E532 – e-ラーニングの積極的導入−シンガポールの事例から<文献紹介>

カレントアウェアネス-E

No.89 2006.08.23

 

 E532

e-ラーニングの積極的導入−シンガポールの事例から<文献紹介>

 

Chaudhary, Abdus Sattar. Role of Libraries in Promoting E-Learning: A Review of Singapore Initiatives. Pakistan Journal of Library and Information Science. (7), 2006, 57-67. (online), available from < http://eprints.rclis.org/archive/00006809/ >, (accessed 2006-08-19).  

 シンガポールでは政府が中心になってe-ラーニングの推進に努めているが,その前提として,シンガポールの情報コミュニケーション開発庁(Infocomm Development Agency:IDA)が2000年に発表した「情報コミュニケーション・マスタープラン」が挙げられる。
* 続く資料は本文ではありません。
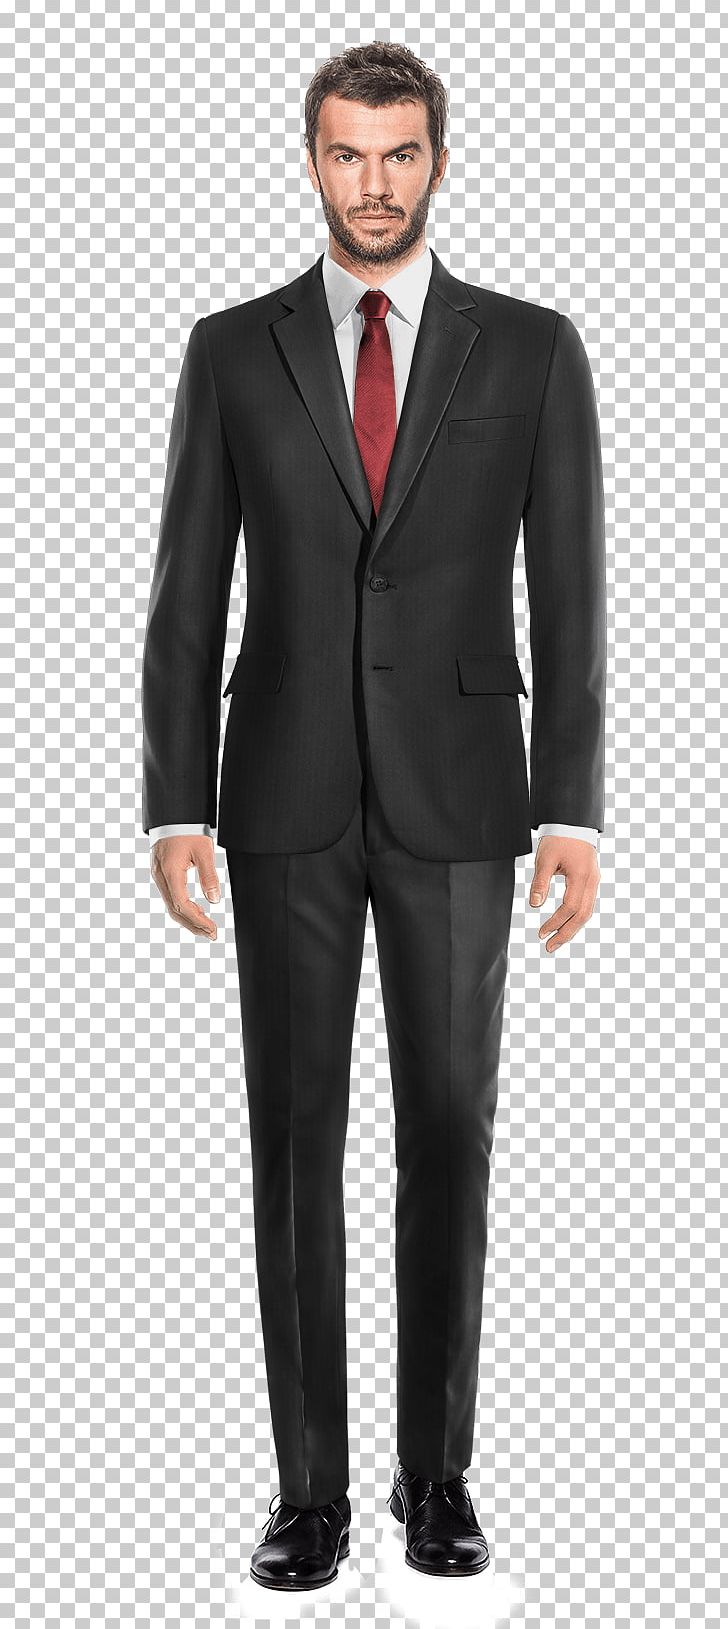 Suit Tailor JoS. A. Bank Clothiers Sport Coat Shirt PNG, Clipart, Bespoke Tailoring, Blazer, Business, Businessperson, Clothing Free PNG Download

ここでは情報コミュニケーション能力の向上に向けて3つの大きな戦略を掲げており,その内のひとつに「シンガポールをアジア・太平洋地域におけるe-ラーニング(CA1588参照)の拠点とする」ことが記されている。また,労働省も,経済発展に乗り遅れないためには生涯学習が重要との認識から,より柔軟に学習時間を確保できるe-ラーニングの導入に積極的な姿勢を示している。
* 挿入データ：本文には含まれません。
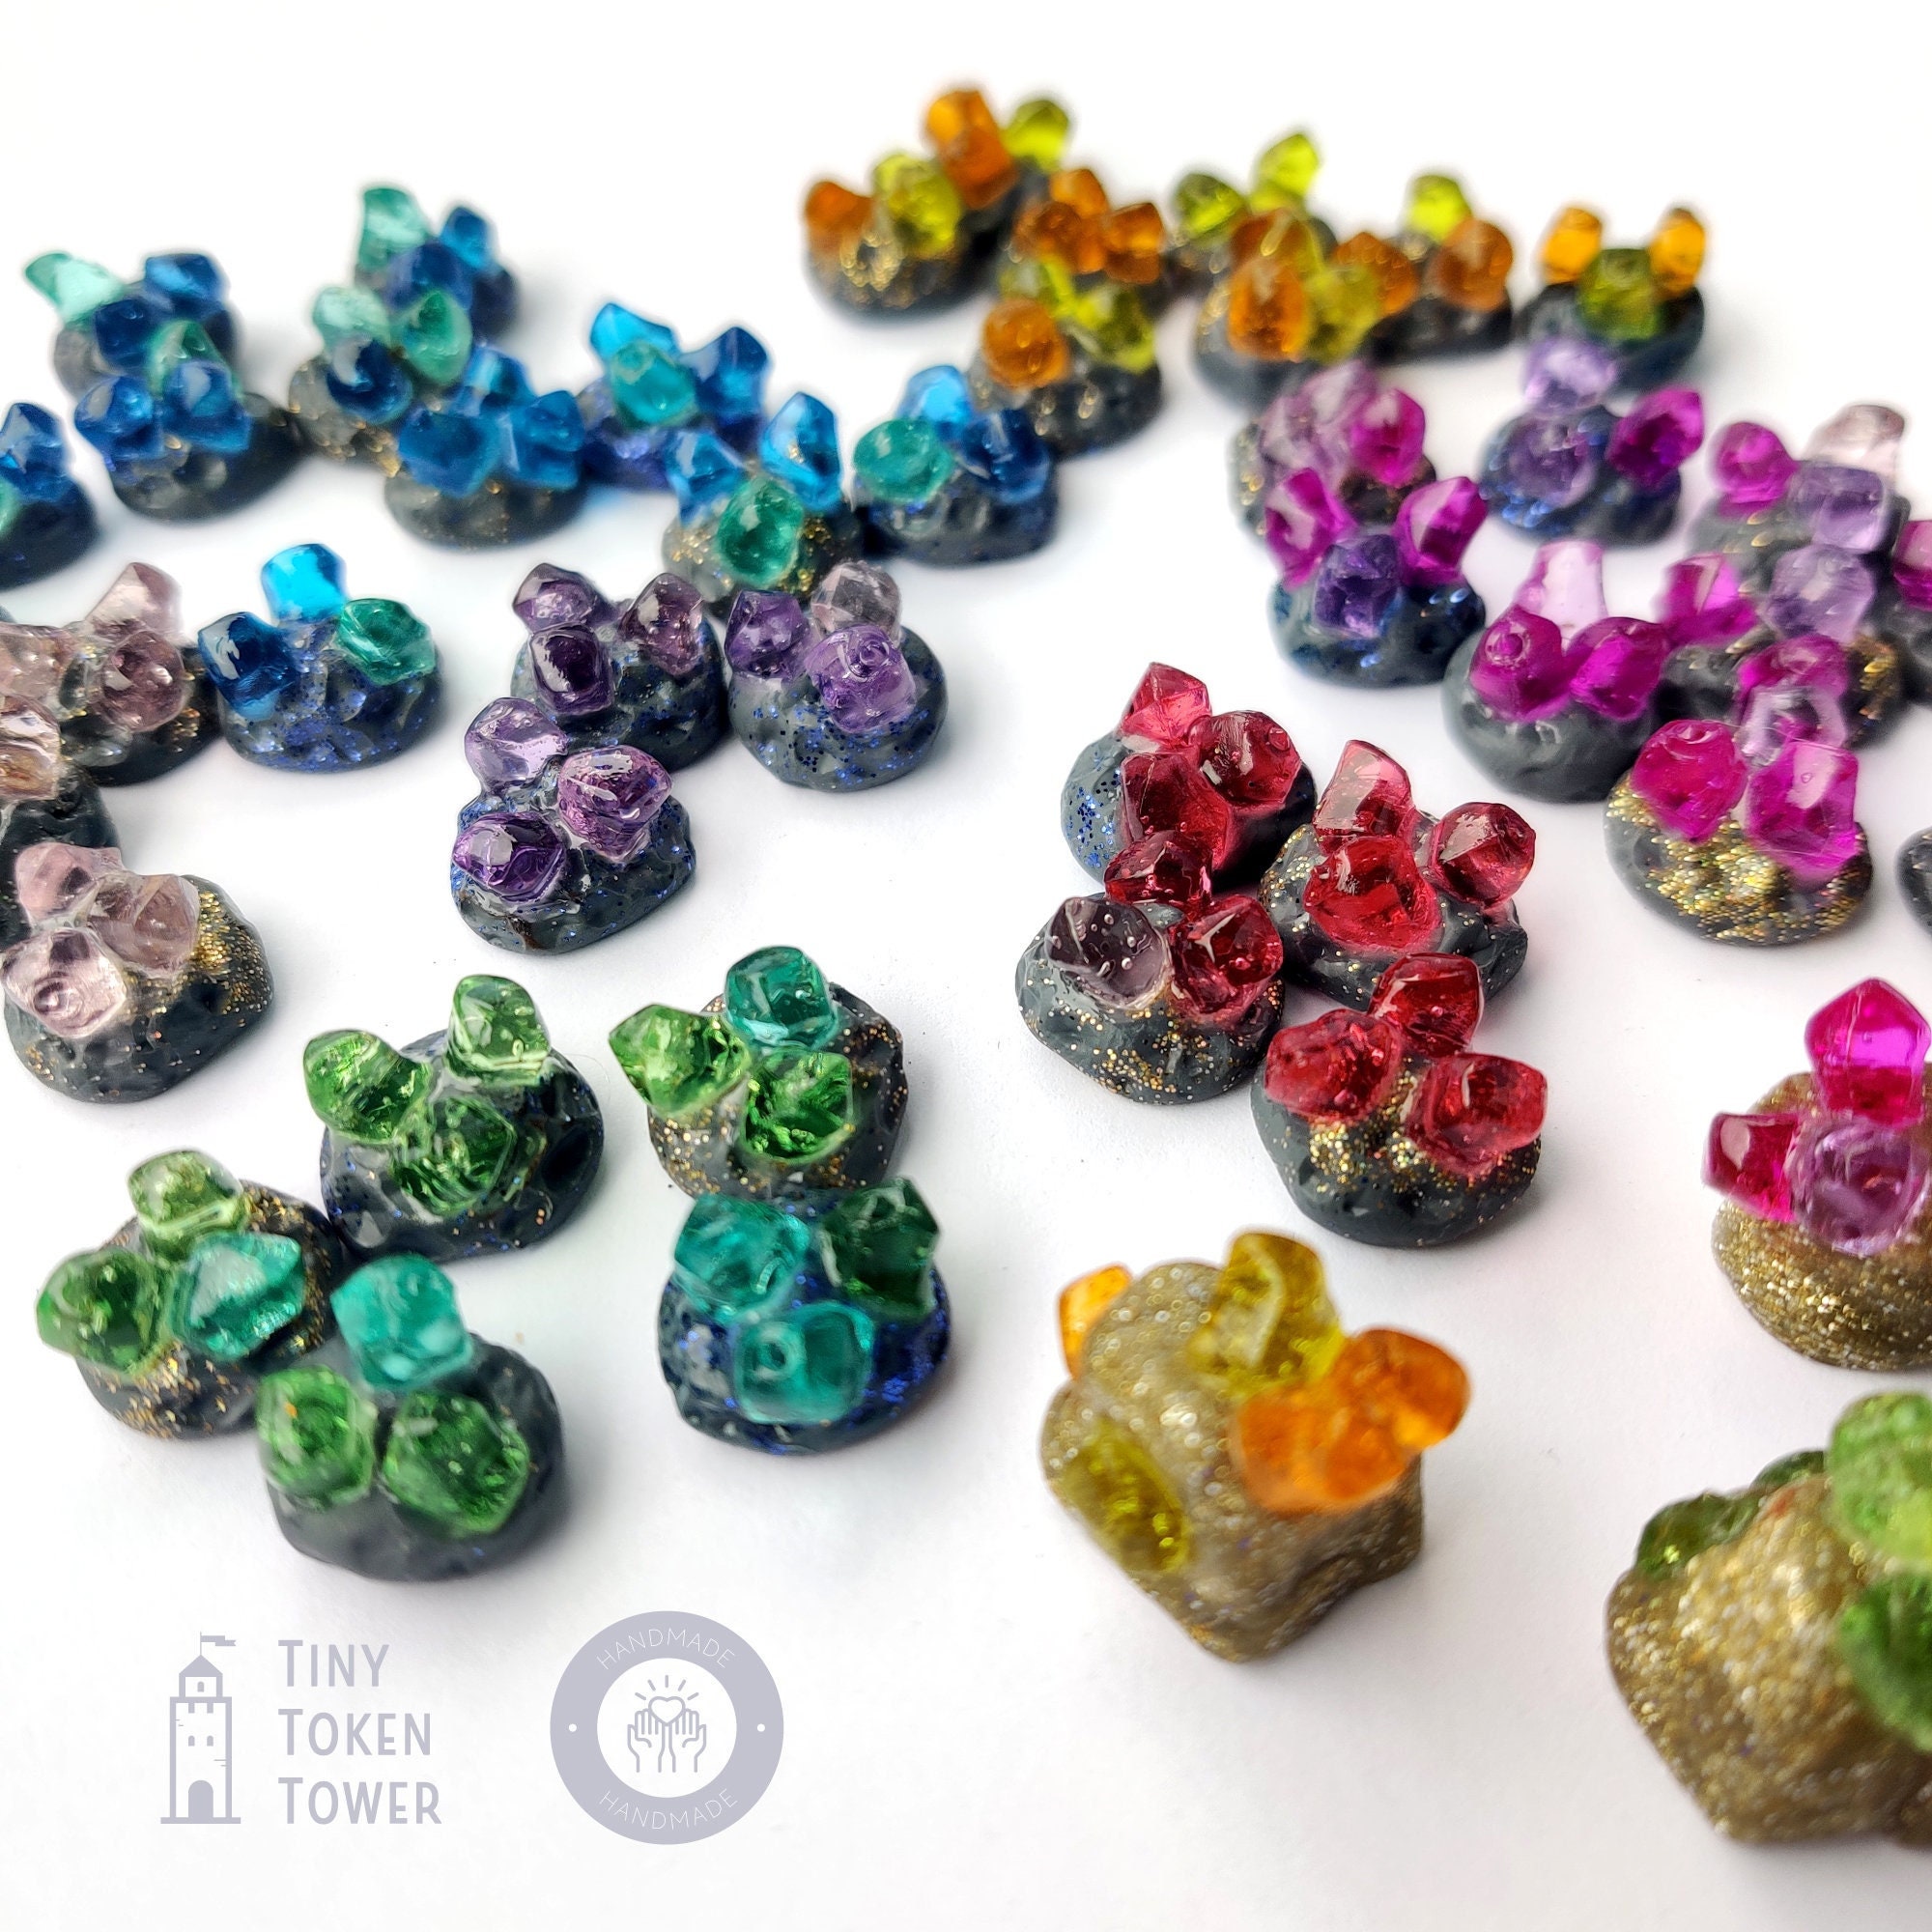 Plastic Gems for Gaming/life Counters/tokens/crystals/stones

 こうした動きは図書館界においても例外ではなく,1995年に図書館振興の先導的役割を担うべく設立されたシンガポール国立図書館委員会(NLB)も,1998年頃からe-ラーニングの実験や研究を進め,1999年には主に省庁の職員を対象としたオンライン研修システムとしてのi.Learnプロジェクトも立ち上げている。この論文では,シンガポール政府,特にNLBのe-ラーニング導入に向けた実験・研究の動きを紹介し,NLBが図書館・情報分野におけるe-ラーニングの発展に重要な役割を果たしていることを示した上で,e-ラーニングに対する社会の認識を更に深める取り組みが必要であろうとまとめている。